General Evatt has pointed out to me in conversation that what is still a weakness of our great London hospitals, though lessened there by the fierce light of public opinion that is ever beating upon them, was the very source of the evil at Scutari.
Such hospitals as the London, doing such magnificent work that it deserves a thousand times the support it receives, are, explained General Evatt, without any central authority. The doctors pay their daily visits and their code is a high one, but they are as varied in ability and in character as any other group of doctors, and are responsible to no one but God and their own conscience. The nursing staff have their duties and their code, but are under separate management.
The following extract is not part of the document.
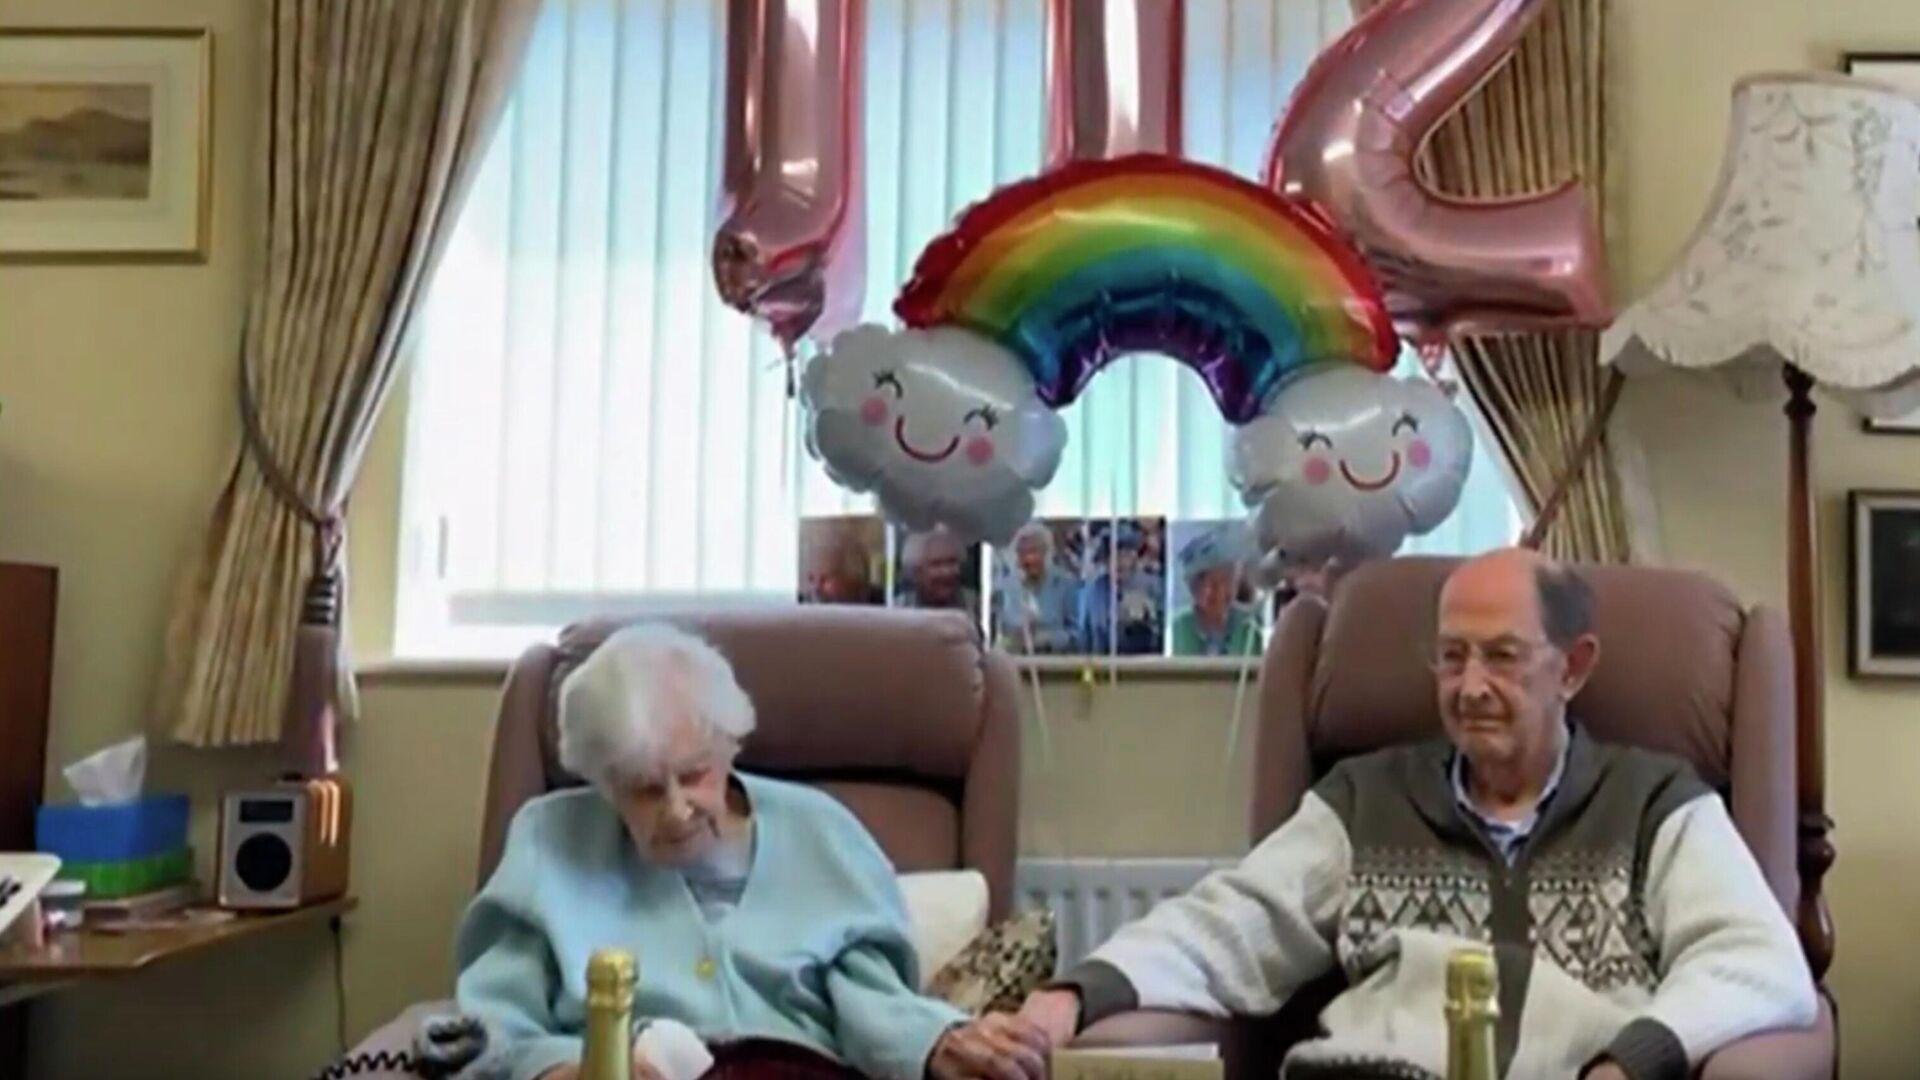 Скриншот видео о самом пожилом челове в Великобритании Джоан Хоккард - РИА Новости, 1920, 25.10.2020

The committee secures the funds and manages the finance, but it is again quite distinct in its powers, and does not control either doctors or nurses.
The Barrack Hospital at Scutari was, said the General, in this respect just like a London hospital of sixty years ago, set down in the midst of the Crimea. There was, he said—to adapt a well-known quotation—“knowledge without authority, and authority without knowledge,” but no power to unite them in responsible effort. Therefore we must feel deep pity, not indignation, with regard to any one member of the staff; for each alone was helpless against the chaos, until Miss Nightingale, who stood outside the official muddle, yet with the friendship of a great War Minister behind her, and in her hand all the powers of wealth, hereditary influence, and personal charm, quietly cut some of the knots of red tape which were, as she saw clearly, strangling the very lives of our wounded soldiers. When I spoke of the miracle by which a woman who had been all her life fitting herself for this work, had suddenly received her world-wide opportunity, he replied: “Yes, I have often said it was as if a very perfect machine had through long years been fitted together and polished to the highest efficiency, and when, at last, it was ready for service, a hand was put forth to accept and use it.”
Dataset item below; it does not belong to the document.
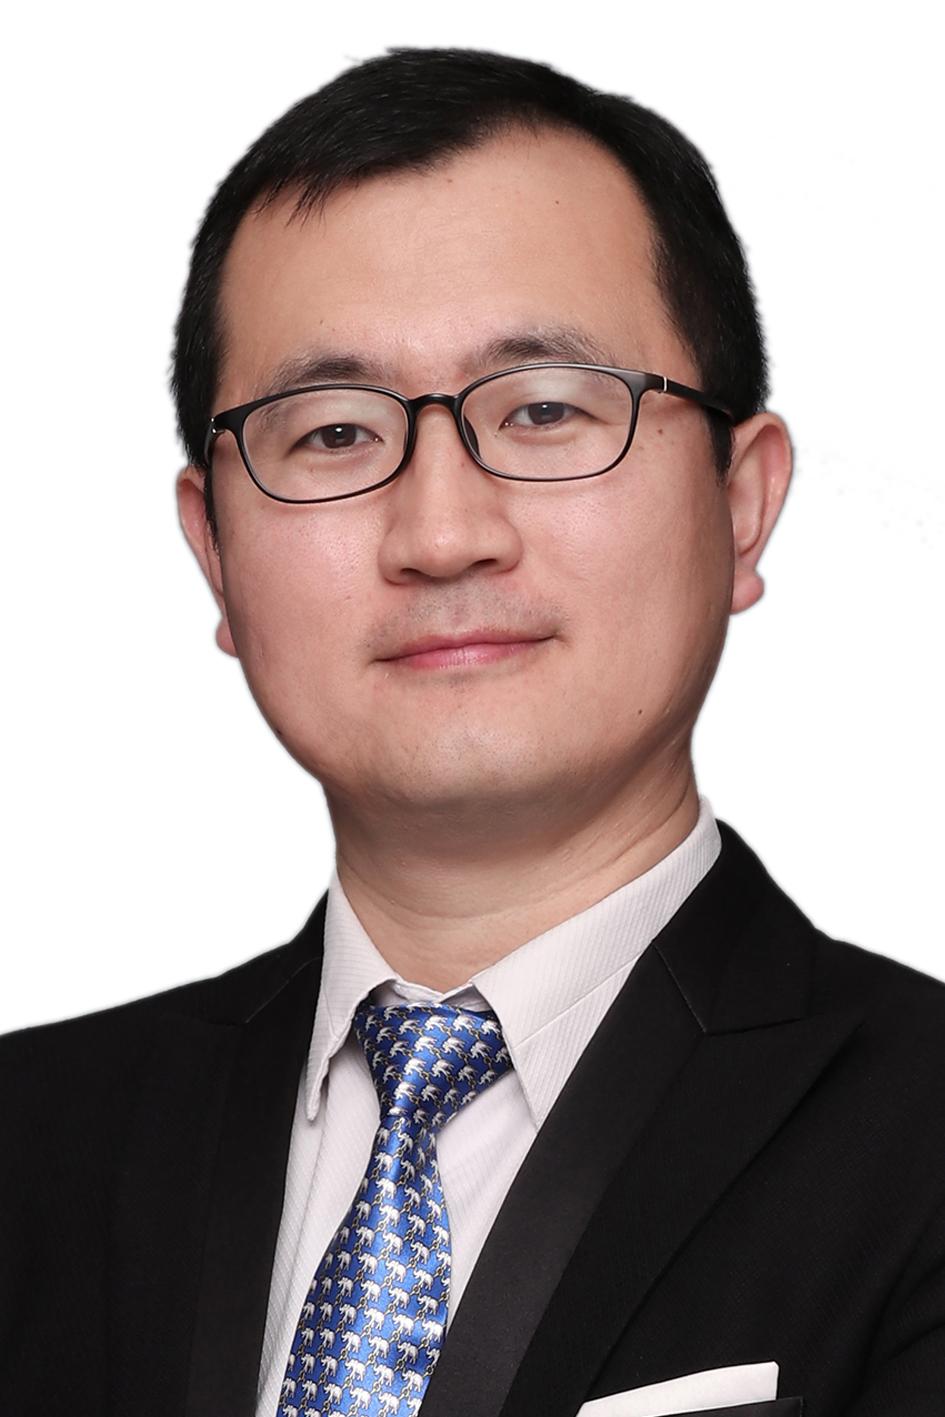 Guo Yunfei

Just as he sought to explain the awful condition of the army hospitals at the beginning of the war; so also he, as a military doctor, pointed out to me that there were even many excuses for the condition of the transport service, and the idiotic blunders of a government that sent soldiers to the freezing winters of the Crimea in clothes that would have been better suited to the hot climate of India.
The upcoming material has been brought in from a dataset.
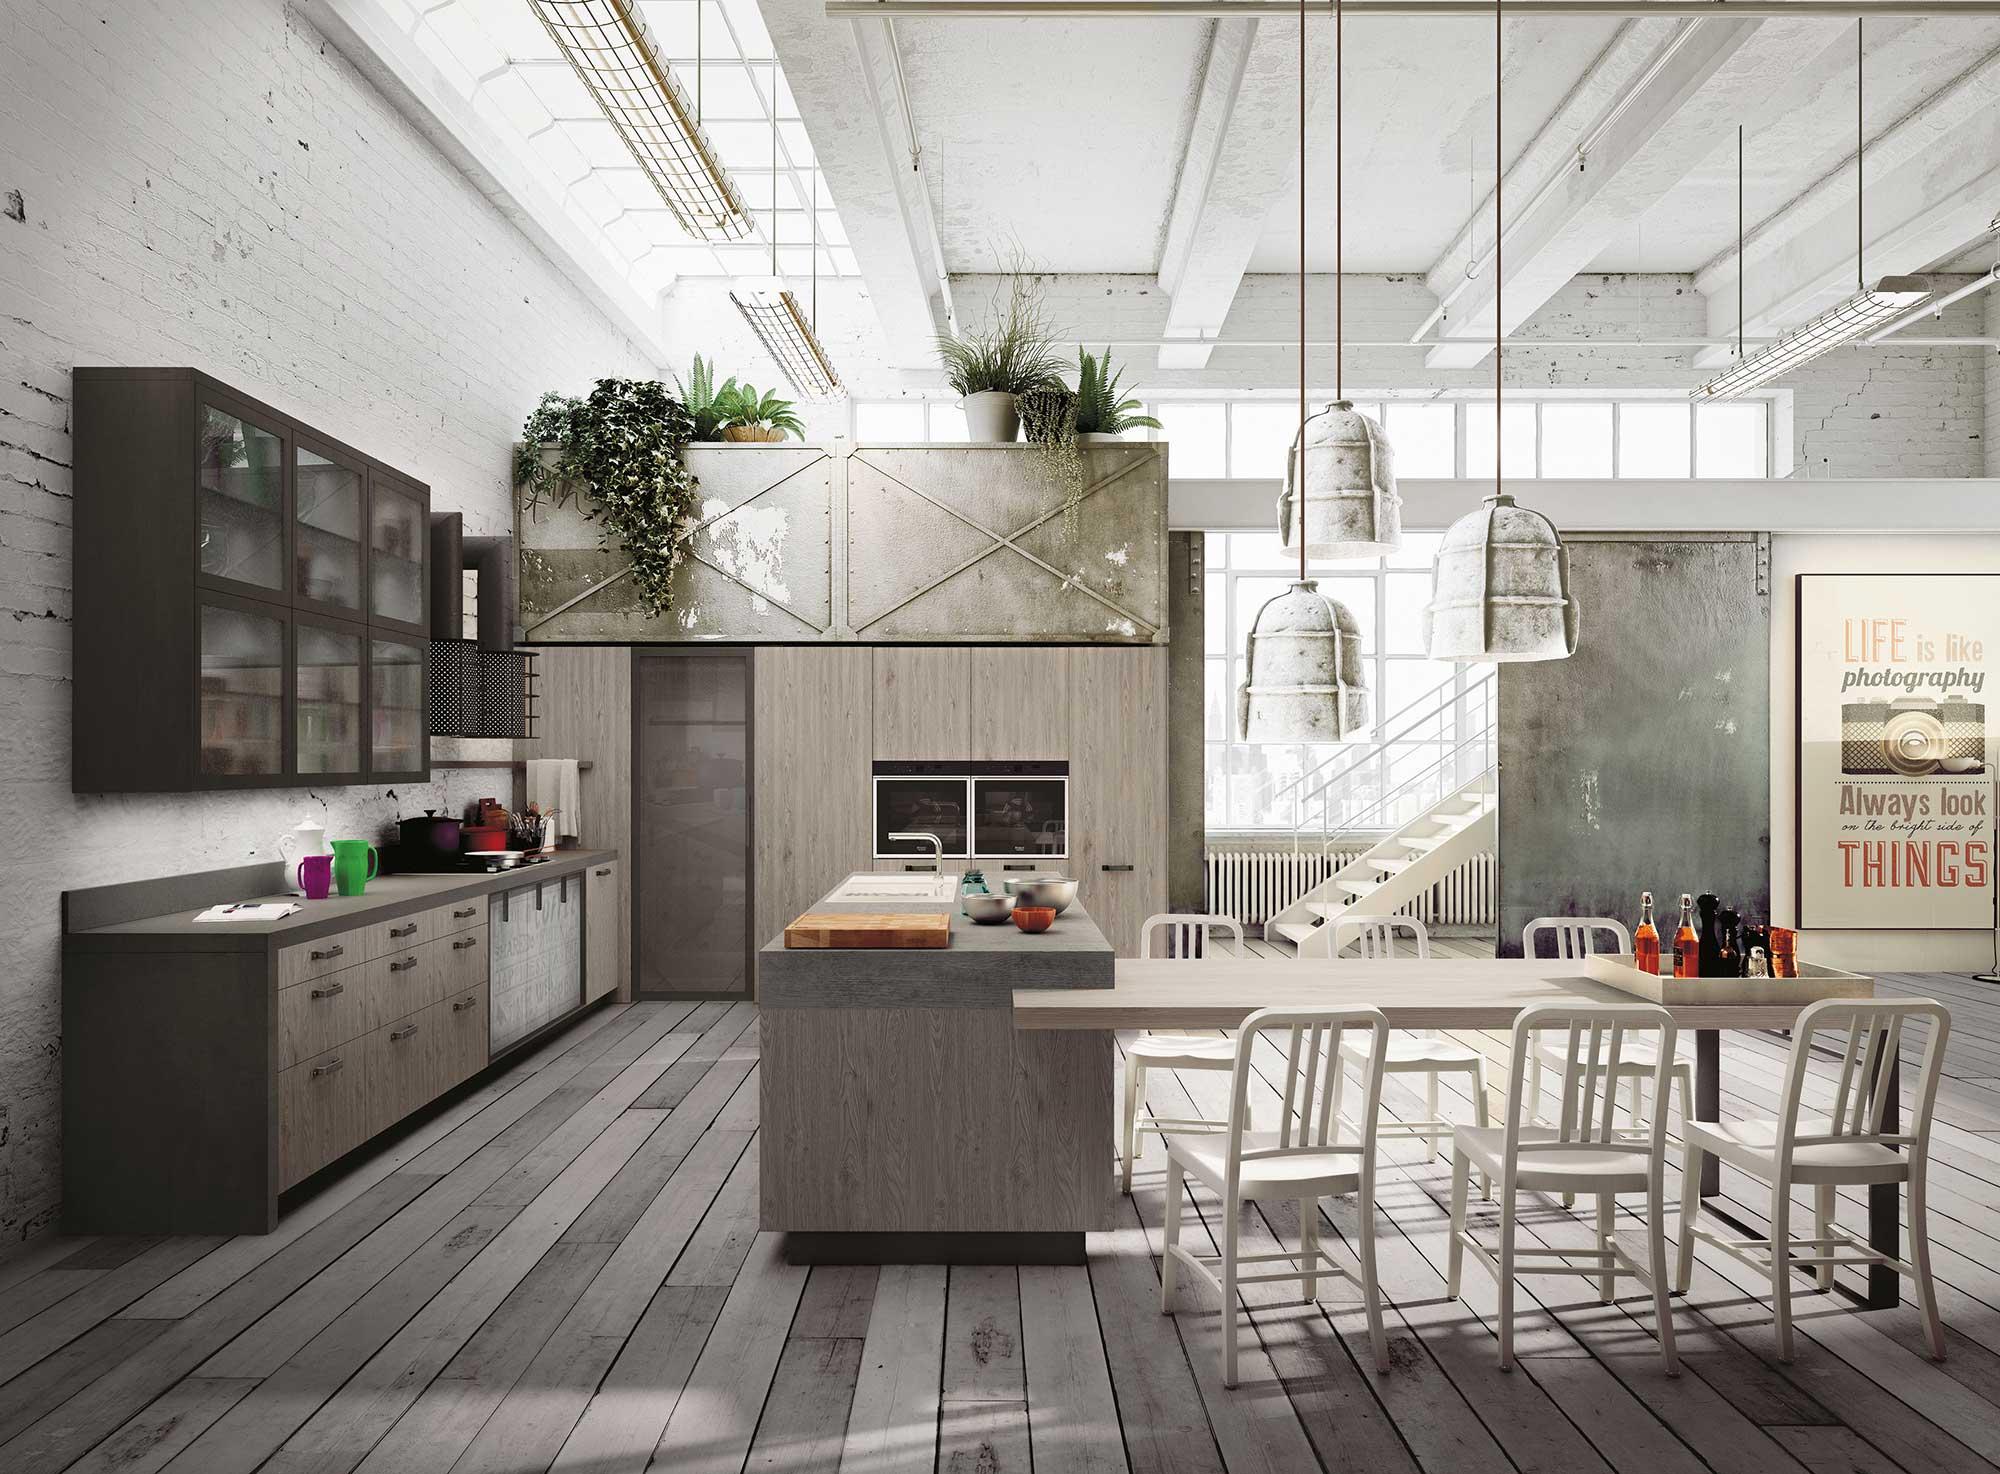 cucine-in-legno-design-loft-snaidero-4

The army after the Peninsular War had been split up into battalions, and had, like the hospitals, lost all centre of authority. England had been seething with the social troubles of our transition from the feudal order to the new competitions and miseries of a commercial and mechanical age. Machinery was causing uproar among the hand-workers. Chartist riots, bread riots, were upsetting the customary peace. Troops were sent hither and thither, scattered over the country, and allowed a certain degree of licence and slackness. The army had no administrative head. There was no one to consider the question of stores or transit, and, even when the war broke out, it was treated with John Bull’s too casual self-satisfaction as a moment of excitement and self-glorification, from which our troops were to return as victors in October, after displaying themselves for a few weeks and satisfactorily alarming the enemy. The moral of it all is ever present and needs no pressing home. Not until every man has had the training of a man in defence of his own home, and is himself responsible for the defence of his own hearth, shall we as a nation learn the humility and caution of the true courage, and realize how much, at the best, is outside human control, and how great is our responsibility in every detail for all that lies within it.
CHAPTER X.
“Five were wise, and five foolish.”
When the great moment came, there was one wise virgin whose lamp had long been trimmed and daily refilled with ever finer quality of flame. She was not alone. There were others, and she was always among the first to do them honour. But she stood easily first, and first, too, in the modesty of all true greatness. All her life had been a training for the work which was now given to her hand.